In one word, this model offers a highly motivating core value: faith. That faith is translated to team members in a number of tangible ways.
Create a Trusting Environment
When employees fully trust in their organization, they become firmly committed to it as well. The aforementioned pillars of compensation, competence, and collaboration go a long way in instilling trust among team members within an organization but there are others.
Doing whatever it takes to avoid layoffs, even when times are really tough, works wonders on the commitment front. Offering special incentive programs, like profit-sharing schemes, only to those not in senior leadership positions has a similar impact.
Upward feedback from employees to leaders is another surefire strategy for instilling trust and commitment from within.
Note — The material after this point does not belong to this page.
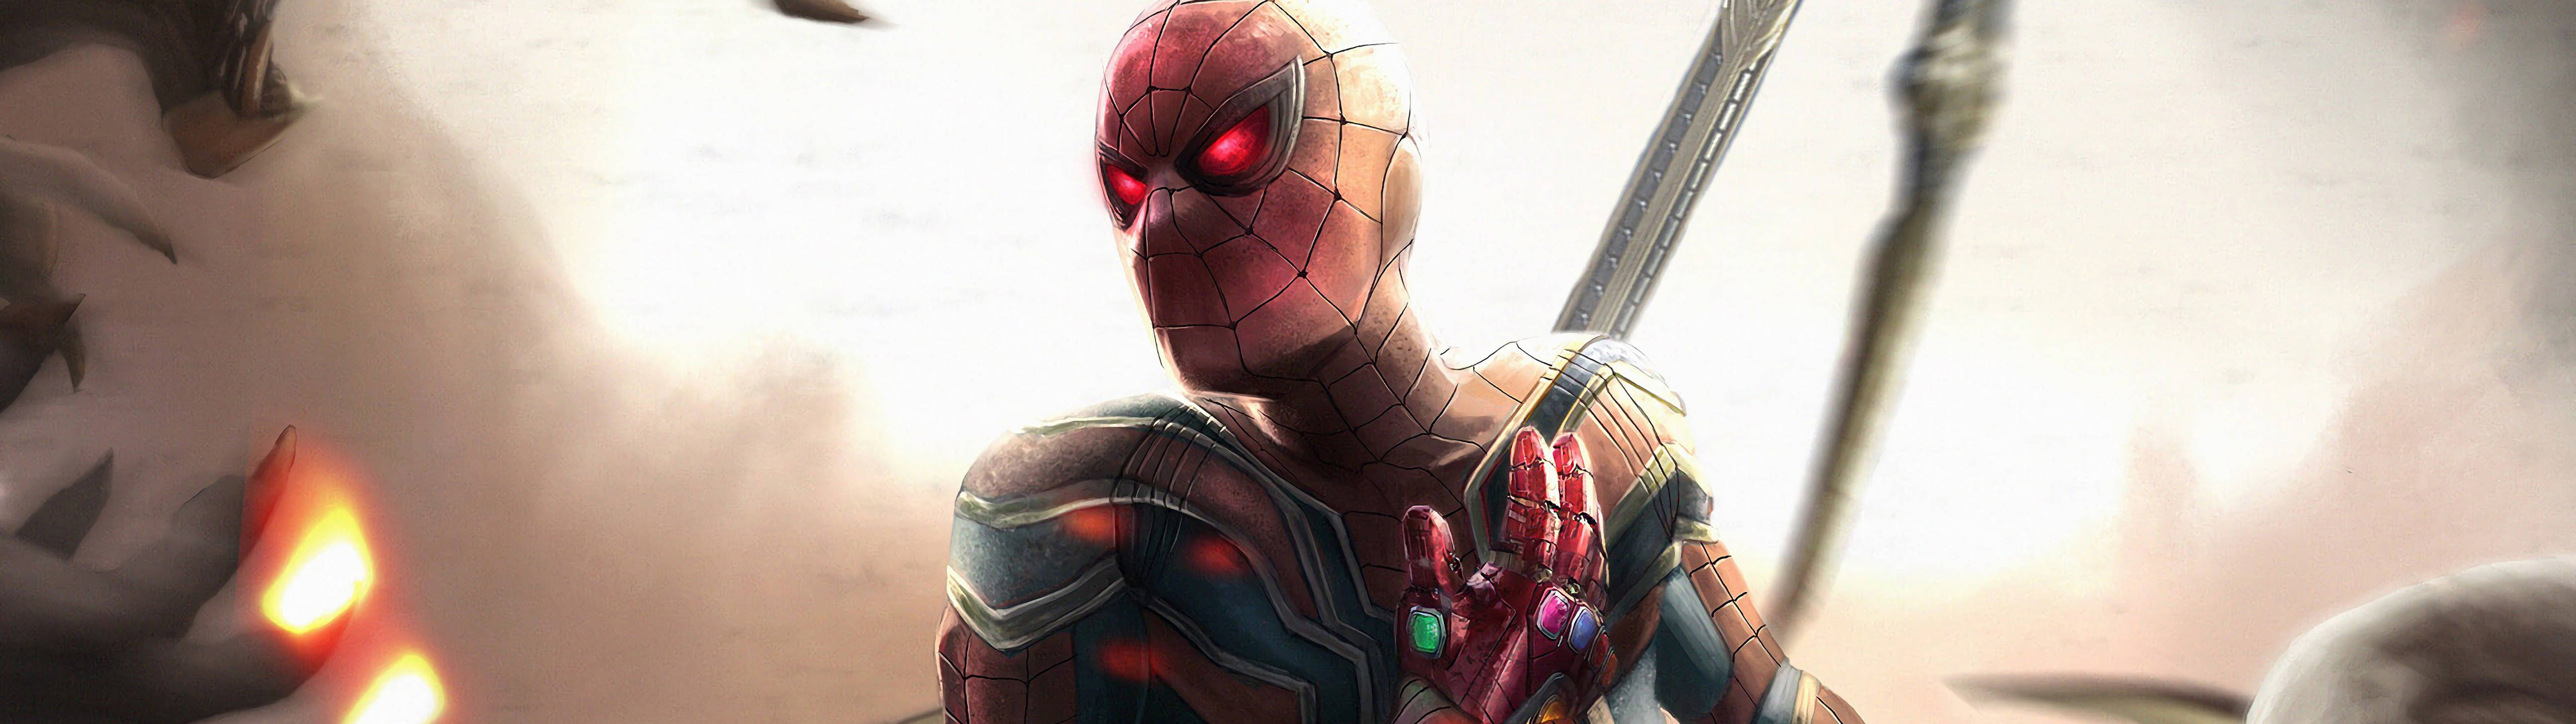 Marvel's Spiderman With Infinity Gauntlet 5120 X 1440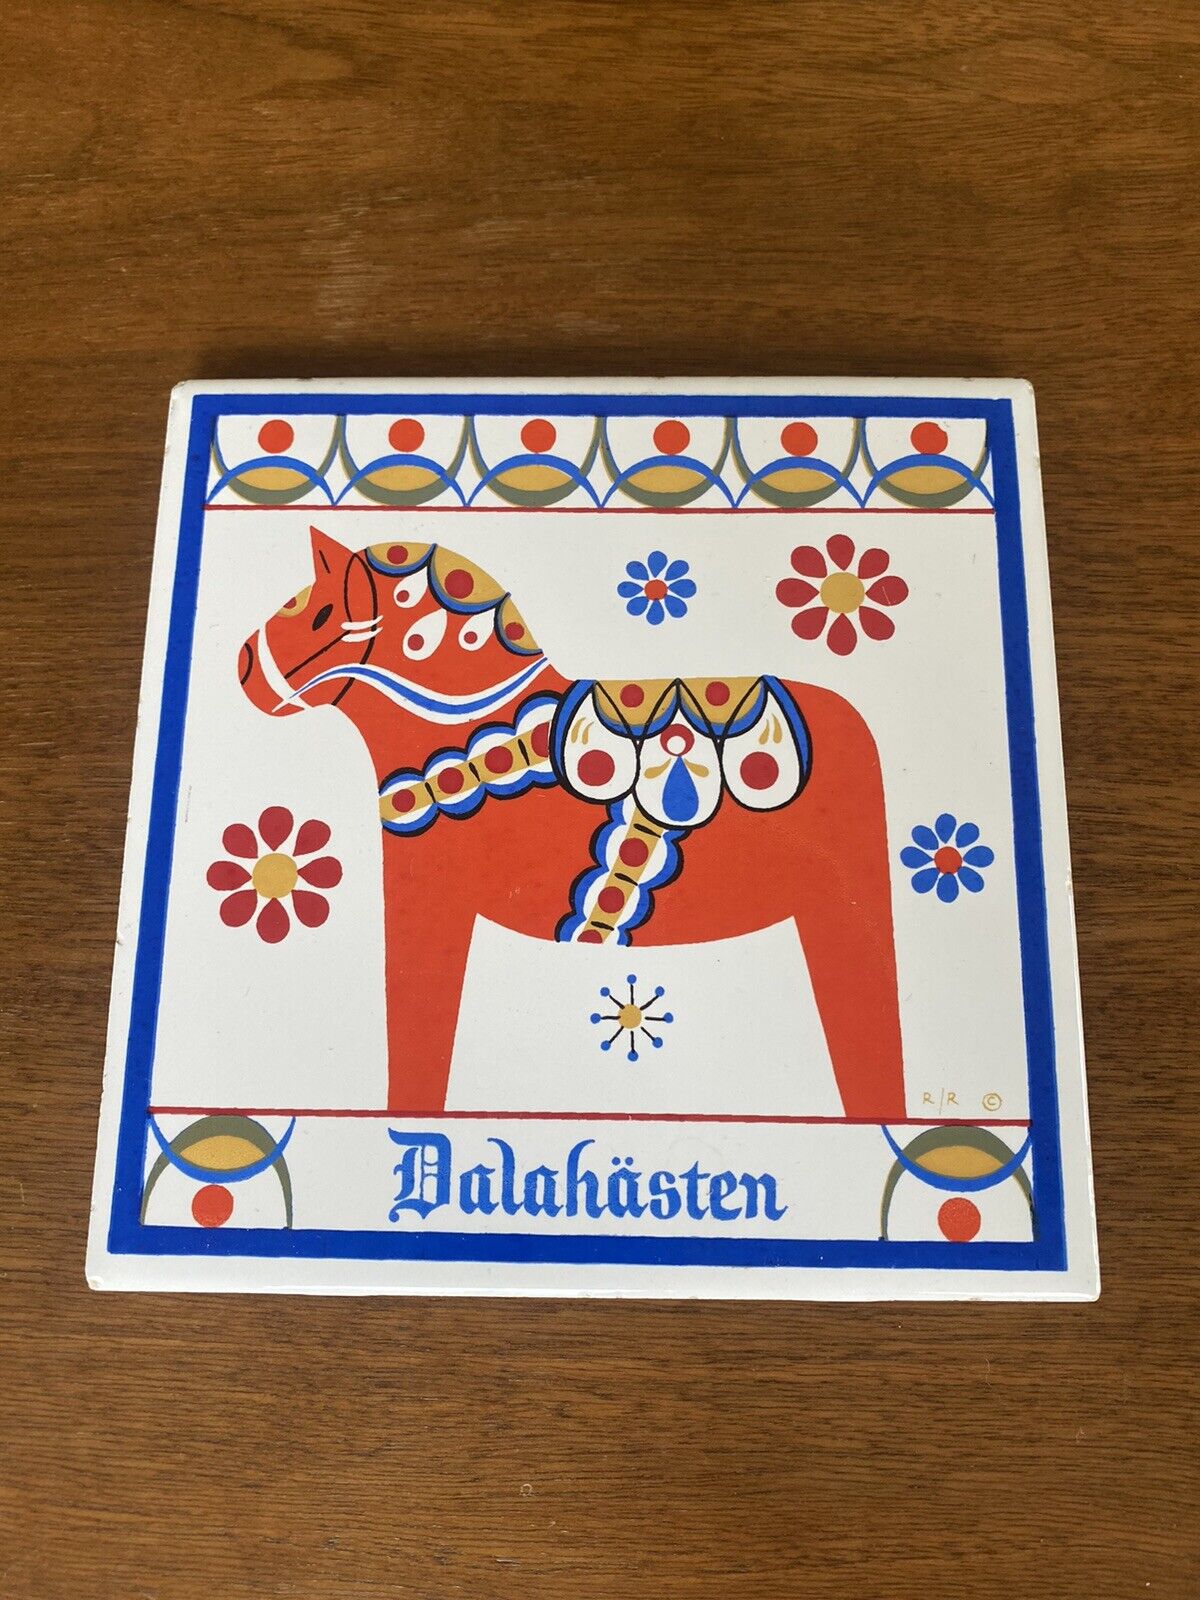 Vintage Swedish Dalahasten Dala Horse Scandinavian Art Tile Trivet Souvenir 6”

Compensation for Creativity
Employees are rewarded in the form of compensation and bonuses that are tied to innovation and paid to the team in full, not to individuals. This framework “encourages collaborative problem solving.” There is never the “not my problem” attitude because it becomes the entire team’s problem.
Everyone dives in to help solve it. If revenue begins slipping, there is a push from below to stoke the fires of growth. Teams and divisions pressure leaders, actively look for new opportunities, and court new customers directly.
They are more than willing to hire new teammates and experiment with different methods and product offerings. They are given the authority to exercise their creativity and this is monumentally motivating.
Confidence
Team members must be given the chance to have authority and responsibility that has real consequences. Fostering authority without permission is exceedingly empowering. When allowed to determine not only what the targets are but how the team is going to reach them, teams succeed.
That success breeds an unshakeable confidence that positively impacts the organization in countless ways. Of course, some decisions will result in failures, big and small. Part and parcel to this pillar is an acceptance that failures happen and they are tolerable.
Failure is a demonstration that someone has “pushed the limits of their abilities” and that is something to strive for, not shrink back against.
Cultivating Competence
- Nimble organizations take active steps to improve upon the team’s skill level and encourage individuals to seek out professional development opportunities.
- A culture that is attuned to “building deep knowledge” onboards new hires that intend to make a career out of their time, not simply collect a paycheck.
- New hires are scrutinized in terms of their “resourcefulness and capacity to self manage” rather than their education or skill set.
- Education and skills can be learned on the job later while those characteristics are seemingly inherent.
- Team members should expect to float around many different departments, learning the ins and outs across a variety of specializations.
This keeps employees engaged, committed, and excited while simultaneously building a workforce that is better prepared to face any challenge that comes the organization’s way.
Collaboration
Teams or, worse still, individuals who work in a vacuum are a formula for stagnation. Organizations must ensure there exists a “dense network of lateral connections” that help “stitch together far-flung divisions with little or no top-down direction.”
Opportunities to work together must explicitly be arranged, such as annual learning visits to other branches or departments. But more importantly, leadership must promote collaboration on both a formal and informal basis.
This can be accomplished directly through policy, such as a “share everything” policy on transparency. It also helps to design “healthy competition” between teams in reaching particular goals that makes collaboration natural, easy, and fun.